Core XML Web Services Technologies

The key to making XML Web services work across the Web and its heterogeneous infrastructure is to have applications agree on simple data description formats, based on XML. These data formats, along with what they do, include the following:

Extensible Markup Language (XML)

XML provides a uniform method for describing and exchanging structured data that is independent of applications or vendors. As the major building block for XML Web services, XML's largest strength is its flexibility to carry any type of data in a platform-independent way. Sample XML being returned from an XML Web service can be seen at left.

Simple Object Access Protocol (SOAP)

At the lowest level, systems need to speak the same language. In particular, communicating applications need to have a set of rules for how they are going to represent different data types (such as integers and arrays) and how they are going to represent commands (for example, what should be done with the data). Real-world applications also need a way to extend these basic definitions if they have to. SOAP, an XML grammar, represents one common set of rules for representing and extending data and commands. SOAP has been accepted as a standard by the World Wide Web Consortium (W3C).

Web Services Description Language (WSDL)

Once applications have general rules for how they will represent data types and commands, they need a way to describe the specific data and commands they accept. It is not enough for an application to say that it accepts integers; somehow, there must be a way to say deterministically that, if you give it two integers, it will multiply them. The Web Services Description Language (WSDL) enables developers and development tools to describe and learn about the capabilities of an XML Web service.

SOAP Discovery (Disco)

Beyond WSDL, you need a set of rules for locating an XML Web service's description—where does a tool look to discover an XML Web service's capabilities? The SOAP Discovery specification provides a set of rules for automatically discovering the WSDL description files on a particular Web site.

Universal Description, Discovery, and Integration (UDDI)

The Universal Description, Discovery, and Integration (UDDI) specification defines a SOAP-based XML Web service for locating XML Web services and programmable resources on a network. UDDI provides a foundation for developers and administrators to readily share information about internal services across the enterprise and public services on the Internet.

Windows Server 2003 includes UDDI Services, enabling companies to run their own private UDDI service for intranet or extranet use. UDDI Services helps companies organize and catalog programmatic resources. As a core piece of XML Web services infrastructure in Windows Server 2003, UDDI Services makes it easy to discover, share, and re-use XML Web services and other programmable resources. With UDDI Services, companies can build and deploy smarter, more reliable applications. For more about UDDI Services in Windows Server 2003, see: http://www.microsoft.com/windows.netserver/evaluation/overview/dotnet/uddi.mspx.

Microsoft also hosts a node of the UDDI Business Registry (UBR). Offered at no cost, this instance of UDDI is a public directory where one can publish and inquire about XML Web services available on the Internet. The Microsoft UBR node replicates with other UBR operator nodes. For more information, see http://uddi.microsoft.com.

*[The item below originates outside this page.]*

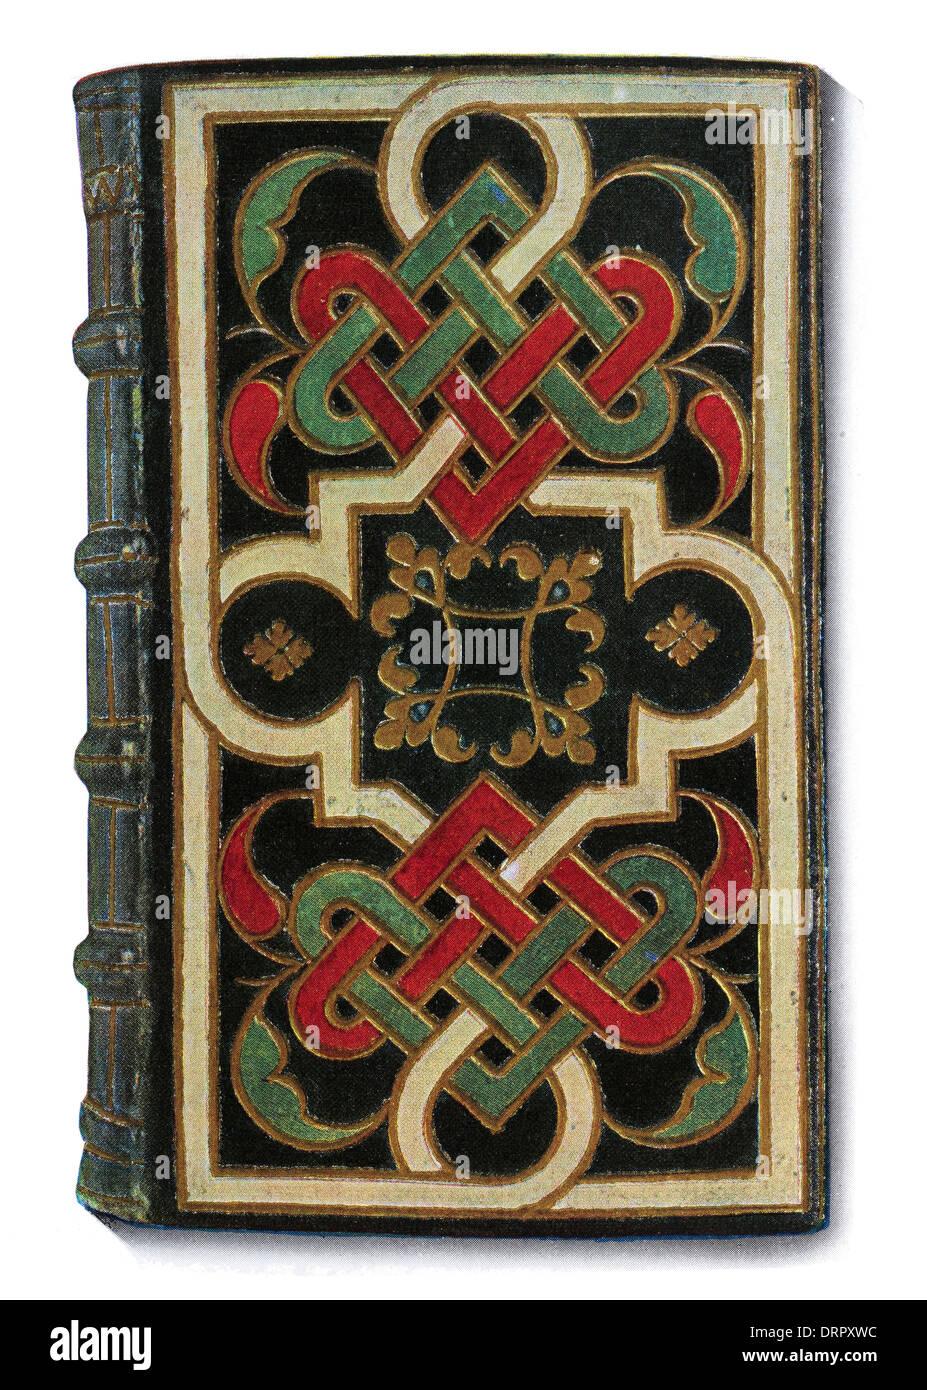 La Lyonnaise de encuadernación de cuero de diseño entrelazado celta portada XVI siglo xvi Imagen De Stock

The .NET Framework implements all of these XML Web services standards.

For more information on XML and SOAP standards, visit the official W3C site at http://www.w3.org/XML/Activity.html.

Create XML Web Services Easily

As outlined in the ASP.NET section above, Microsoft is making Web-based development easier and more reliable than ever before. With the .NET Framework, developers can make all objects Internet-accessible as XML Web services simply by marking them with the WebMethod attribute—without developers having to learn XML at all.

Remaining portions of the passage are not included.